§ ASSIGNMENT: Copy each line below exactly and leave the pictures out.

§ DATA BLOCK:
----

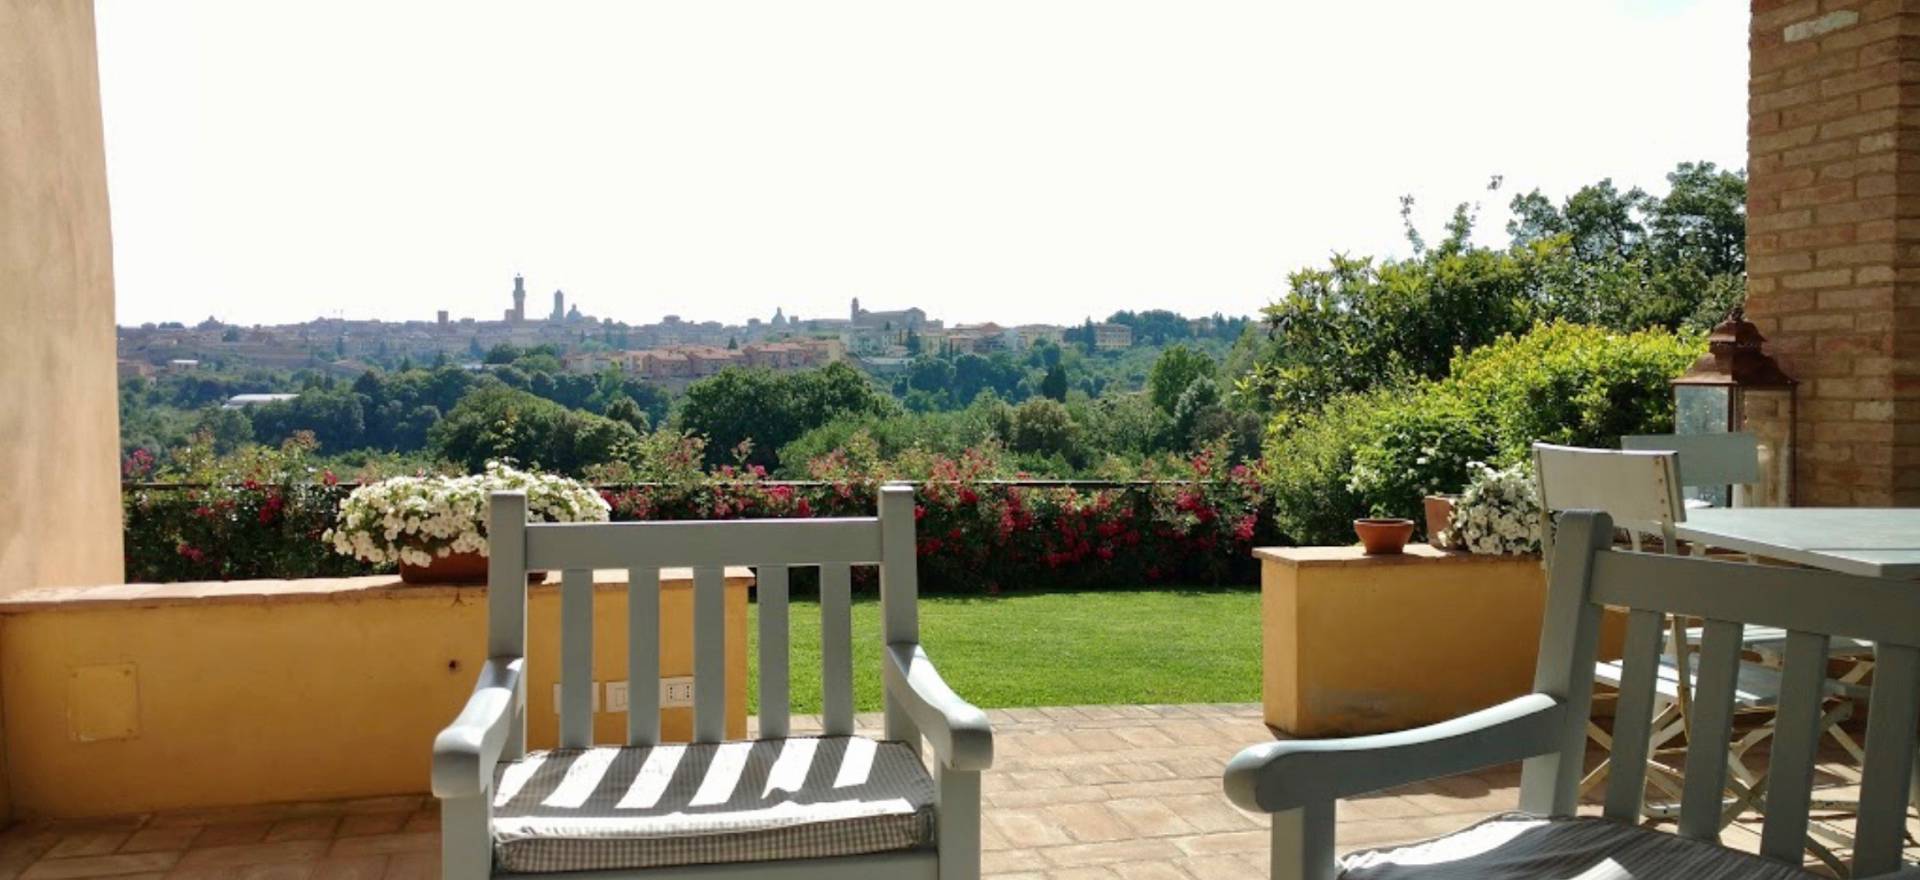 Agriturismo Toscana Agriturismo elegante con bella vista su Siena
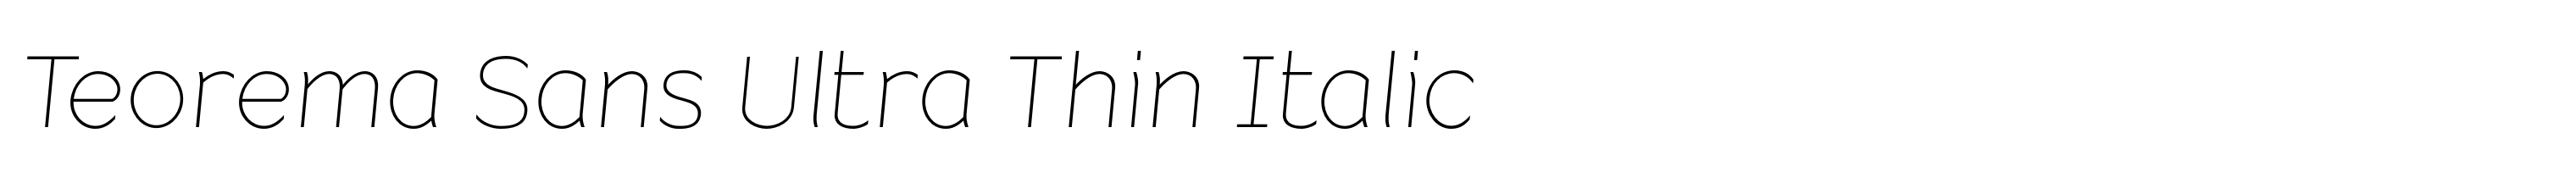 Teorema Sans Ultra Thin Italic
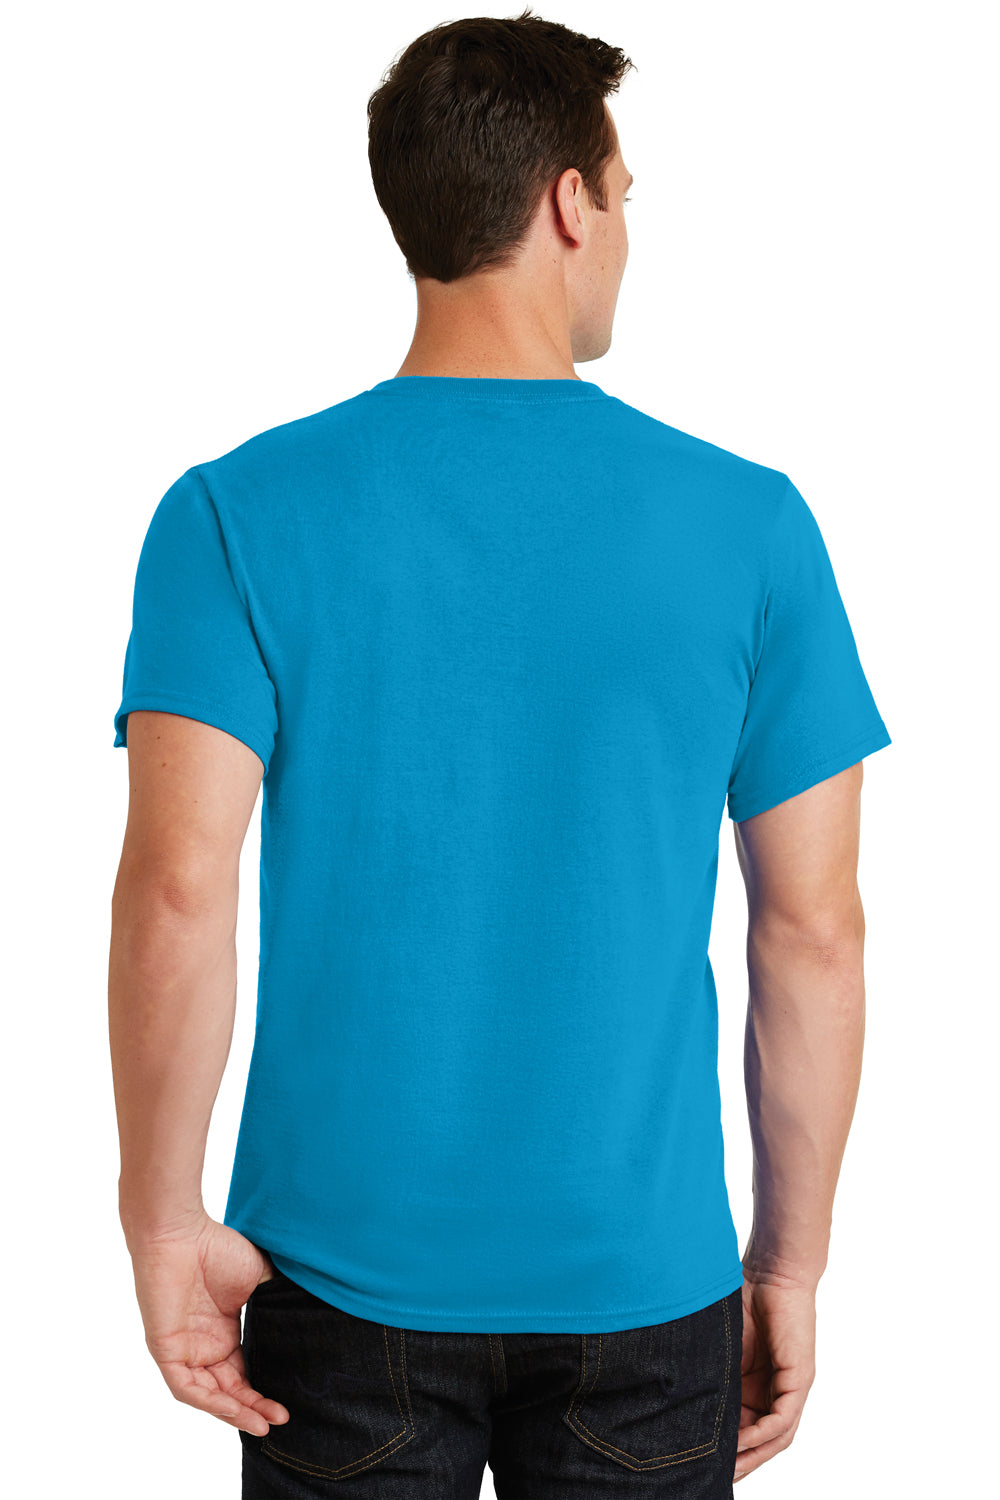 Port & Company PC61 Mens Essential Short Sleeve Crewneck T-Shirt Turquoise Blue Back

----

§ EXERCISE RESULT:
 Agriturismo Toscana Agriturismo elegante con bella vista su Siena
 Teorema Sans Ultra Thin Italic
 Port & Company PC61 Mens Essential Short Sleeve Crewneck T-Shirt Turquoise Blue Back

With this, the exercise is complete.